Motivated by the desire for a lightweight solution that works well for recommender (and possibly NLP) models, I wrote down a list of design constraints.
- I want the framework to naturally support sparse gradients: cases where the vast majority of gradients are zero. This is very common in NLP and recommender models that use large embedding layers. In any given minibatch, only a very small proportion of the embedding layer is used, and the gradients of the remaining entries are zero. Being able to skip the zeros when performing a gradient update is essential in making these models fast.
- I want the framework to have minimal overhead on top of the actual computation. Since I mainly want to fit small, sparse models, overhead is key. In PyTorch, the run time of such models is dominated by the overhead of looping in Python. To avoid this, my library has to forego Python in its fitting loop, and be written entirely in a compiled language to take advantage of compiler optimizations.

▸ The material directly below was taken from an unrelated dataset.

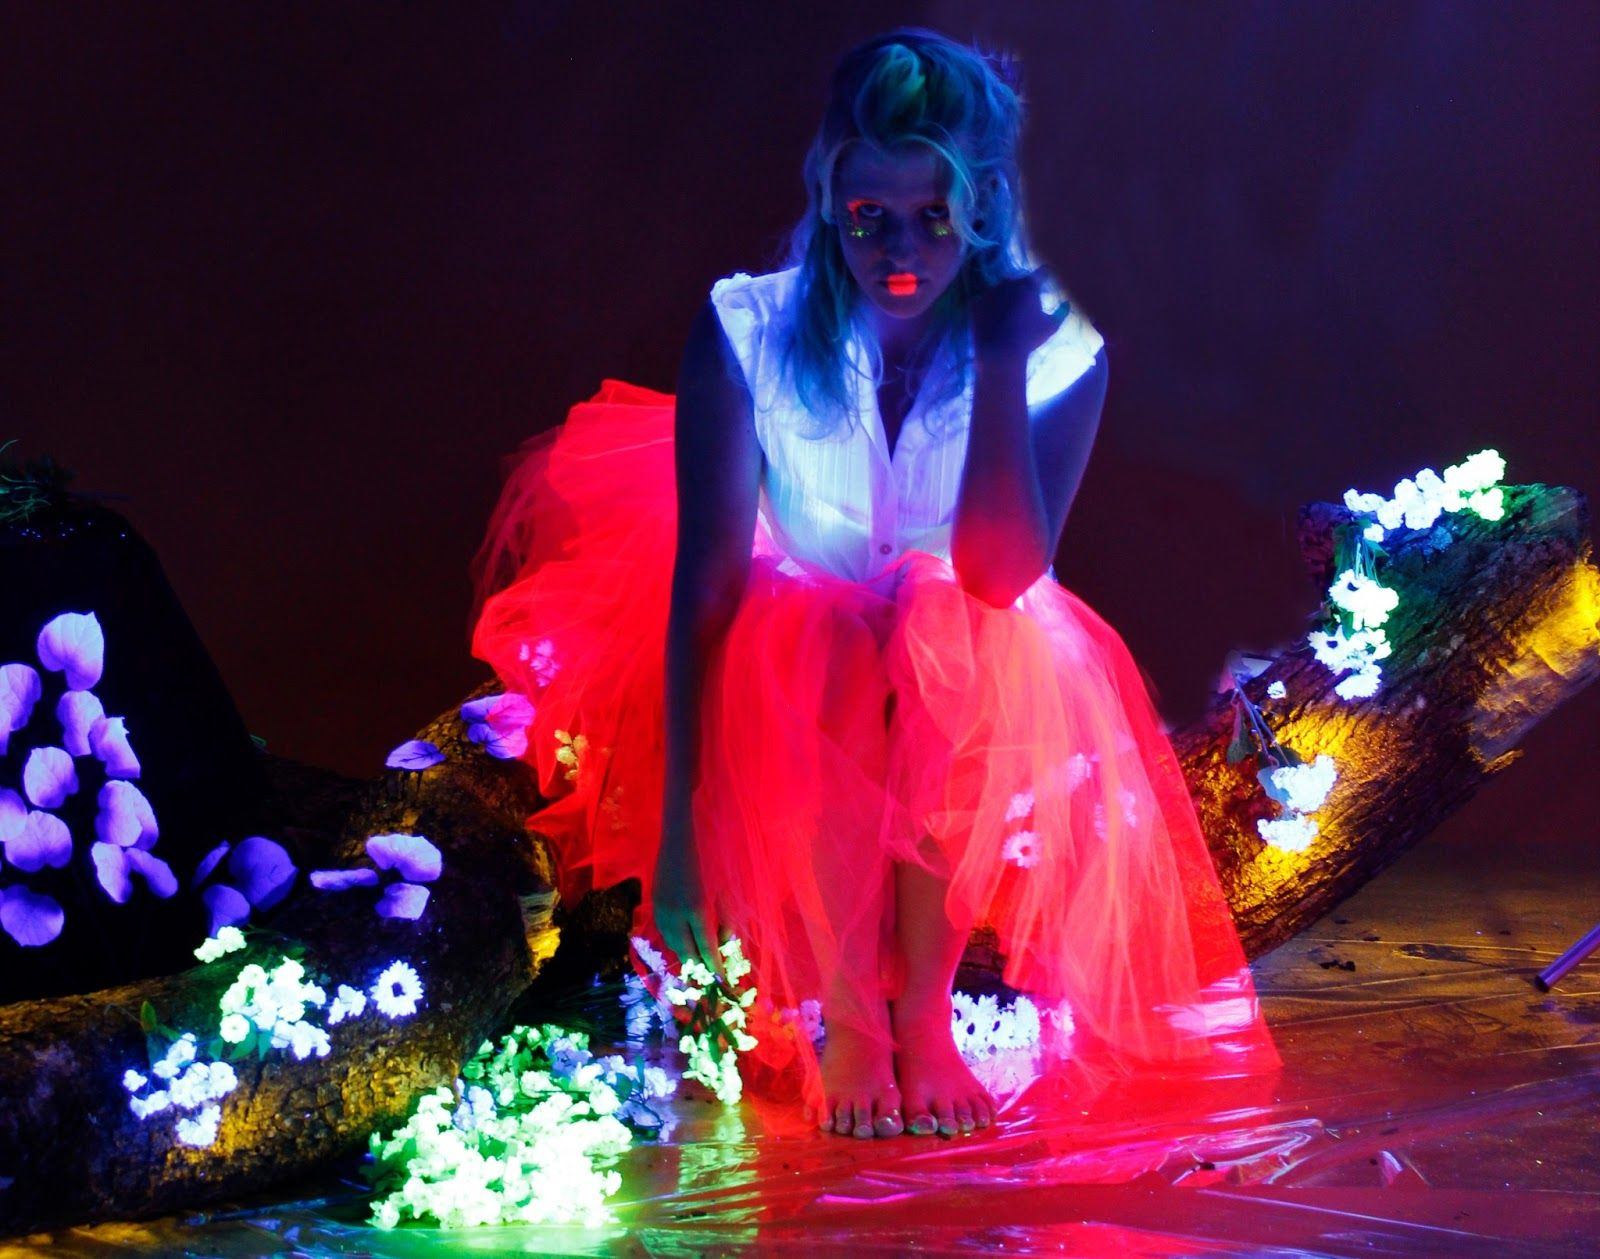 Photos: Camila Tutui Delhaye  Styling: Fabiana Leite e Sulamita Dancuart  Makeup: Sulamita Dancuart  Scenography: Ana Luísa Redda e Sulamita Dancuart  Editing: Equipe  Models: Laura Sarkovas , Lia Paris , Vini Uehara
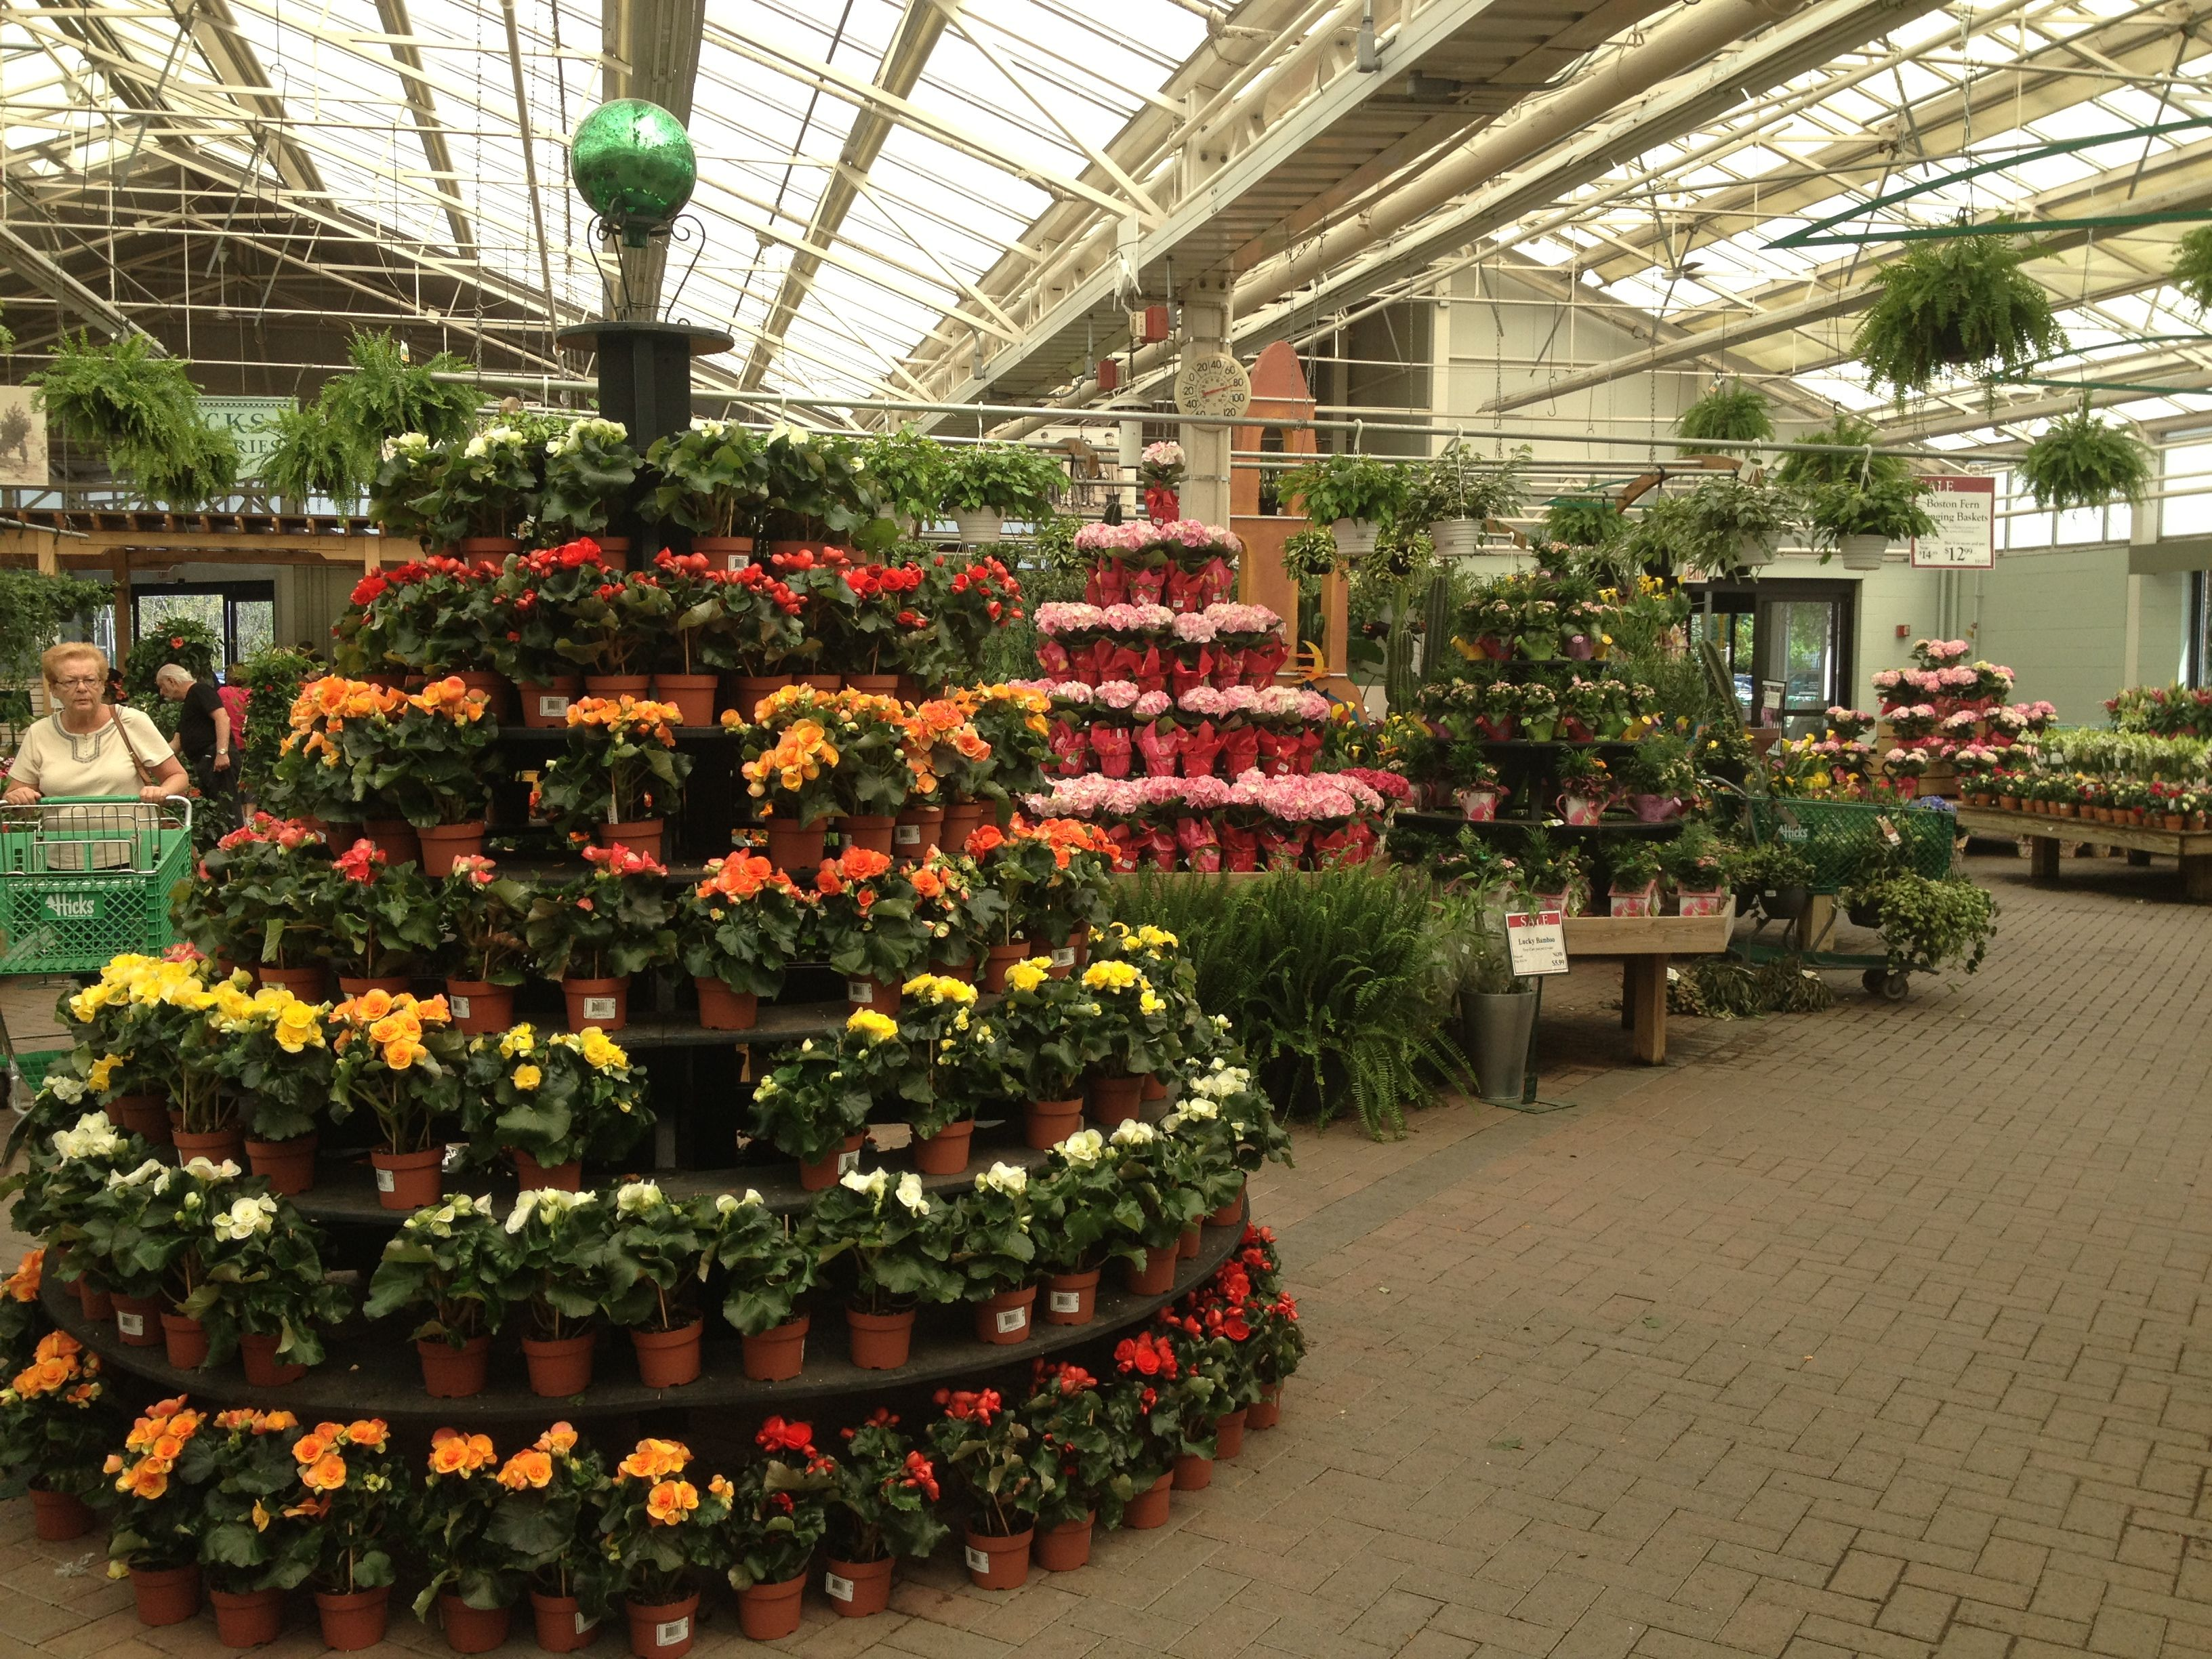 Maiin Greenhouse Hicks Nurseries. Summer

- The models graphs have to be define-by-run, much like Chainer or PyTorch. The usability and debuggability of this approach is too valuable for me to even contemplate going back to the TensorFlow way of doing things. At the same time, I’m happy for the graph to be static once defined. This helps in keeping the overhead small: I can allocate intermediate computation buffers once and keep re-using them, instead of writing a complex buffer pool system (or, worse yet, repeatedly allocating and freeing memory on every pass).
- I want performance to scale approximately linearly with the number of available CPU cores. This means parallelizing at the level of the entire graph rather than individual operations. Each computation thread will have its own copy of the graph, but write to shared parameter buffers on update. This is effectively the Hogwild! approach, where multiple threads of computation update shared parameter buffers concurrently, without any locking. This allows near-linear scaling with little degradation in model quality as long as gradients are relatively sparse.
There is also a short list of things I don’t want, or don’t care enough about to add for now:
- GPU support. I mostly want to fit tiny models (or at least models with lots of parameters but little computation per minibatch).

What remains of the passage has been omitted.